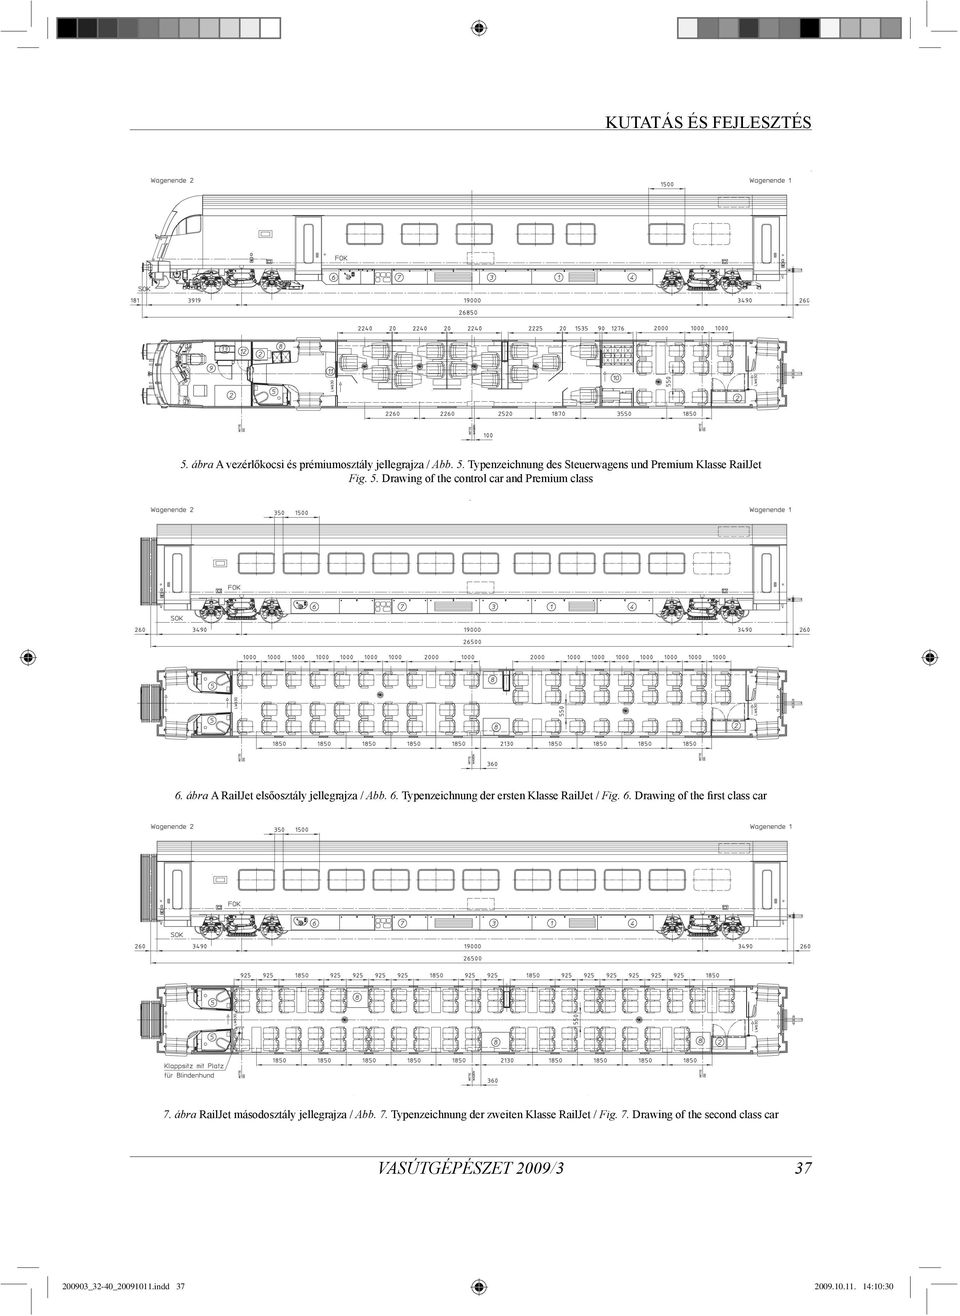 6. Drawing of the first class car 7. ábra RailJet másodosztály jellegrajza / Abb. 7. Typenzeichnung der zweiten Klasse RailJet / Fig.
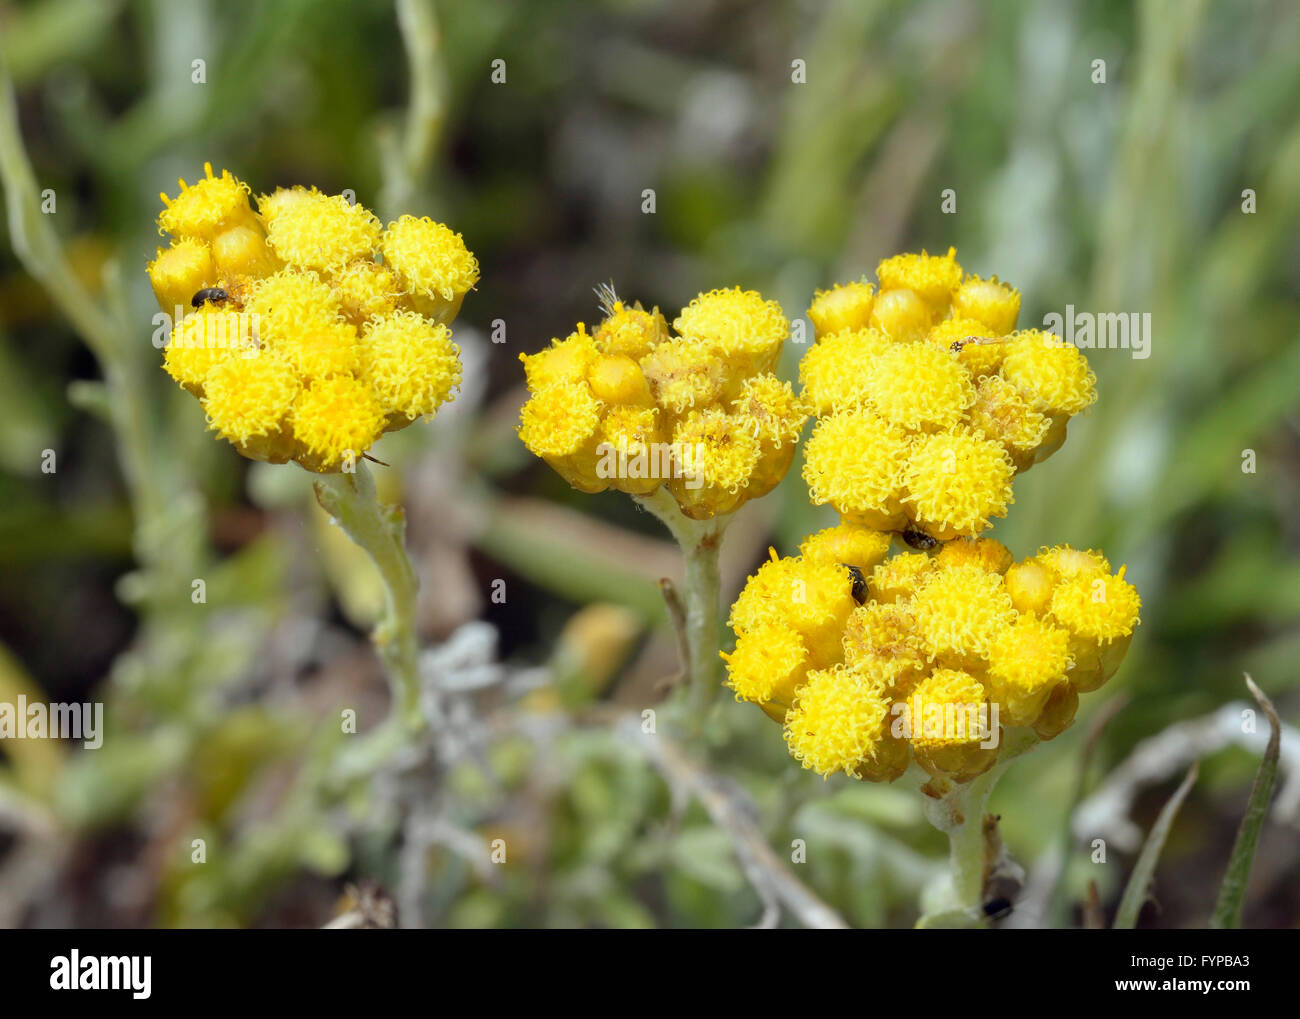 Helichrysum stoechas barrelieri syn. Helichrysum conglobatum Yellow flower from Cyprus Stock Photo
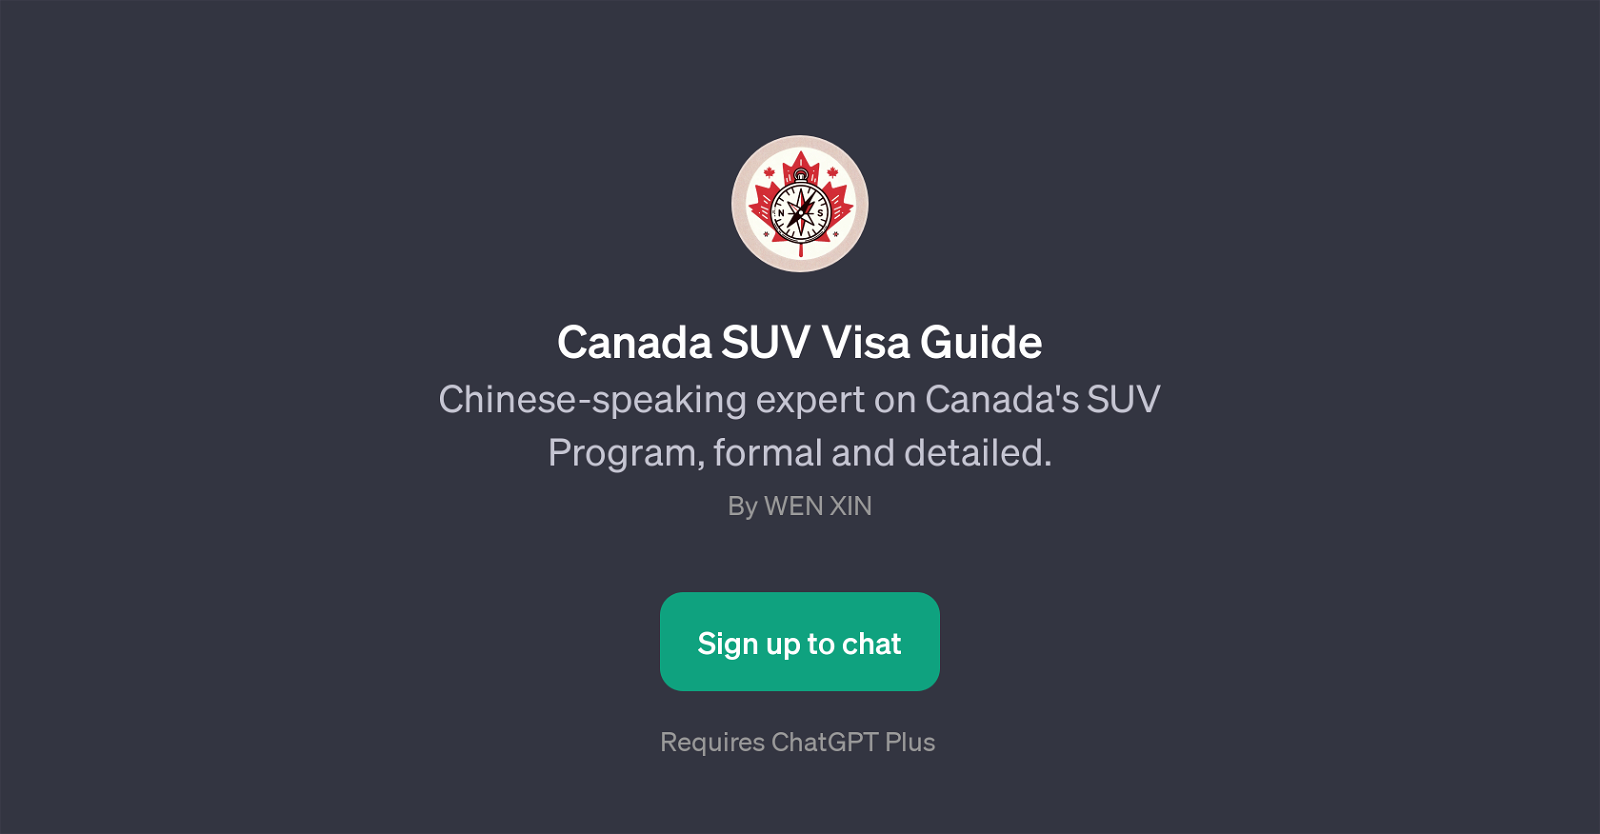 Canada SUV Visa Guide website
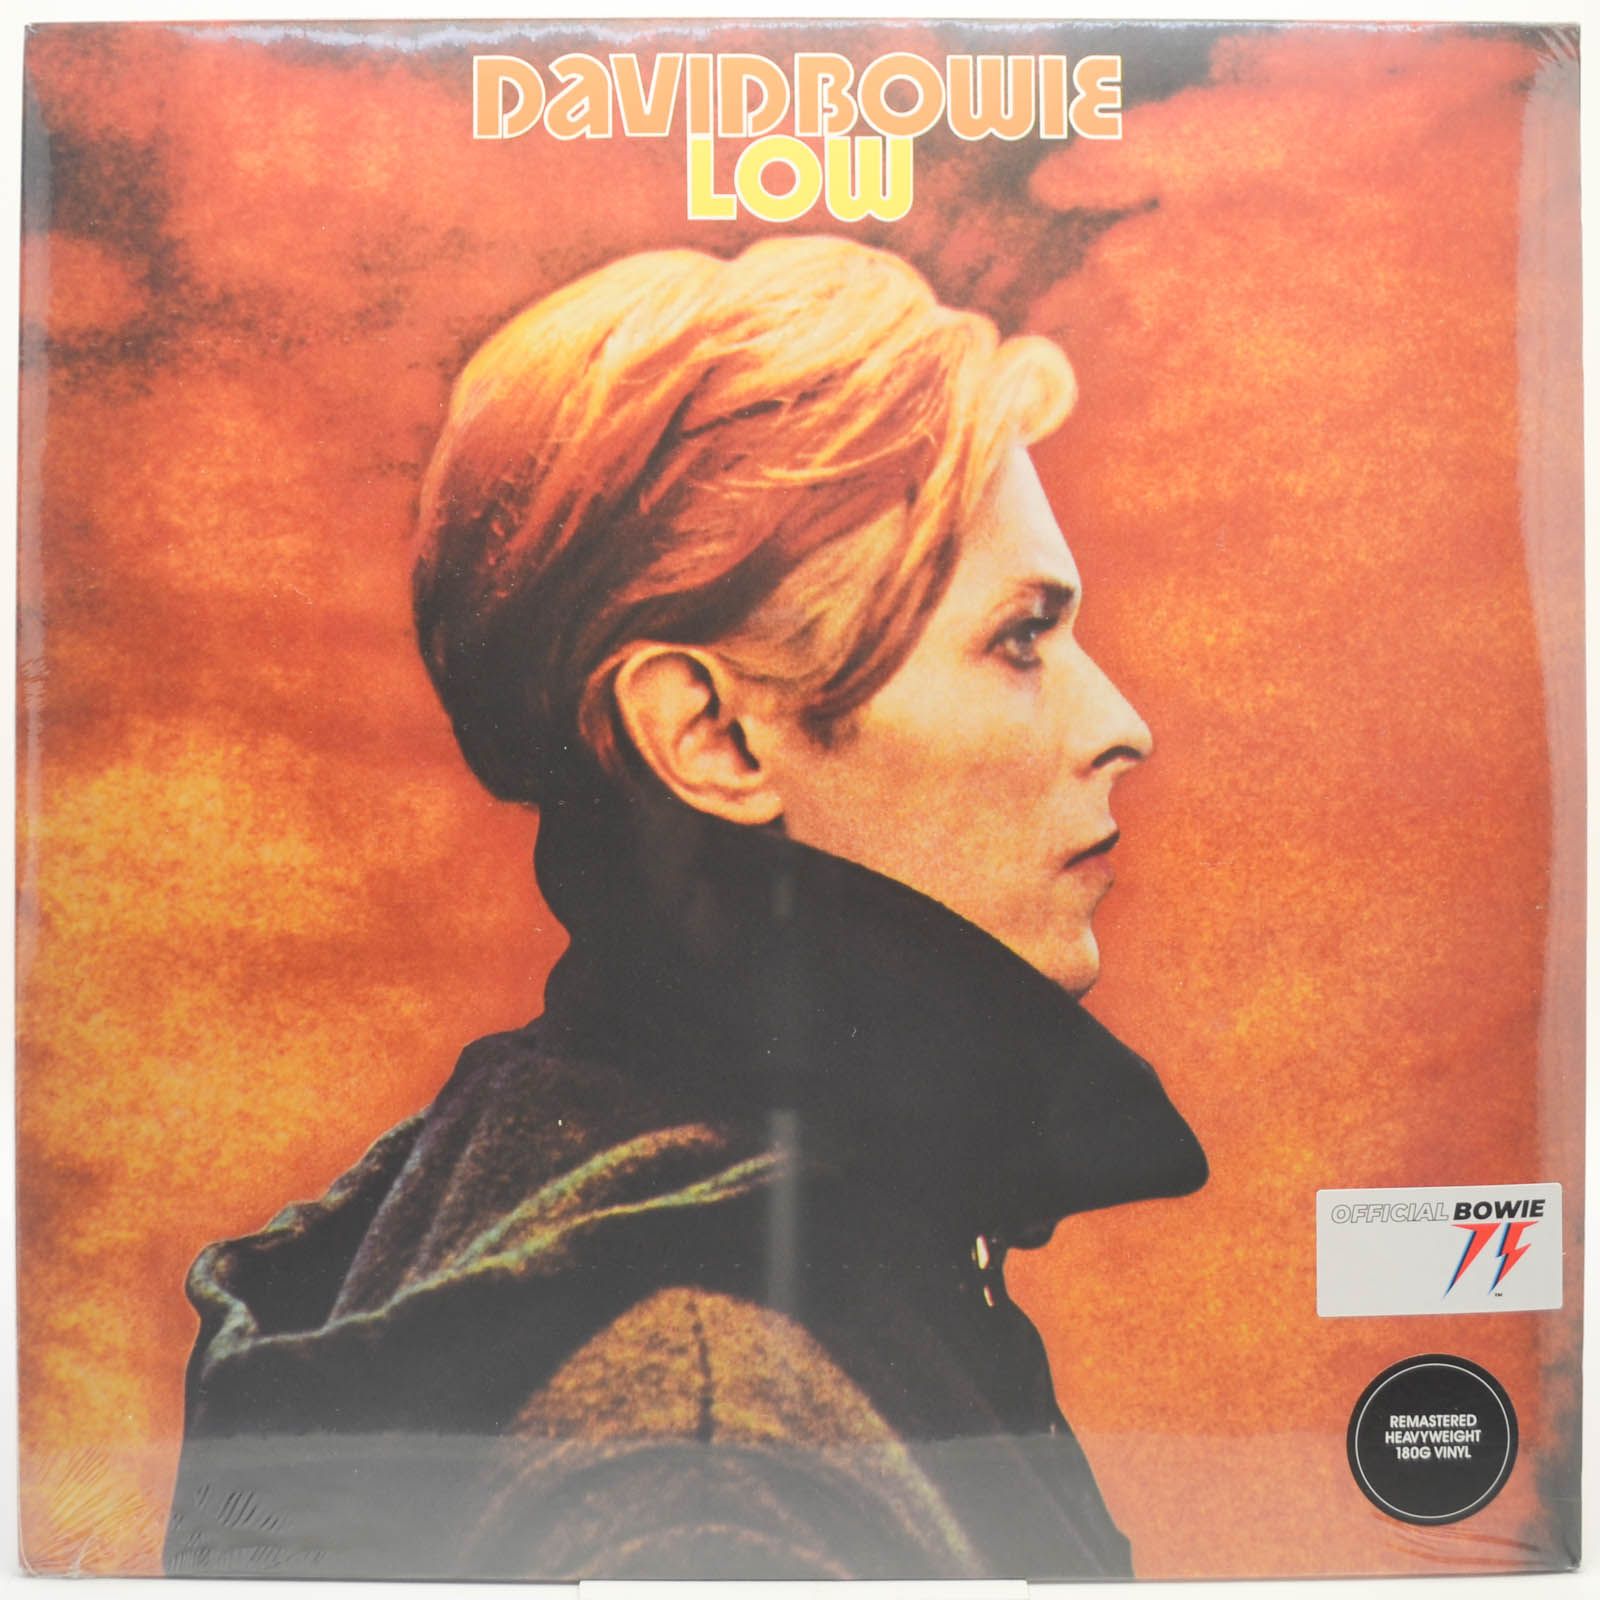 David Bowie — Low, 1977

***

• WORK INSTRUCTIONS: Word for word, give the listing above again, but drop any pictures.

• ANSWER BOX:
 6. Drawing of the first class car 7. ábra RailJet másodosztály jellegrajza / Abb. 7. Typenzeichnung der zweiten Klasse RailJet / Fig.
 Helichrysum stoechas barrelieri syn. Helichrysum conglobatum Yellow flower from Cyprus Stock Photo
 Canada SUV Visa Guide website
 David Bowie — Low, 1977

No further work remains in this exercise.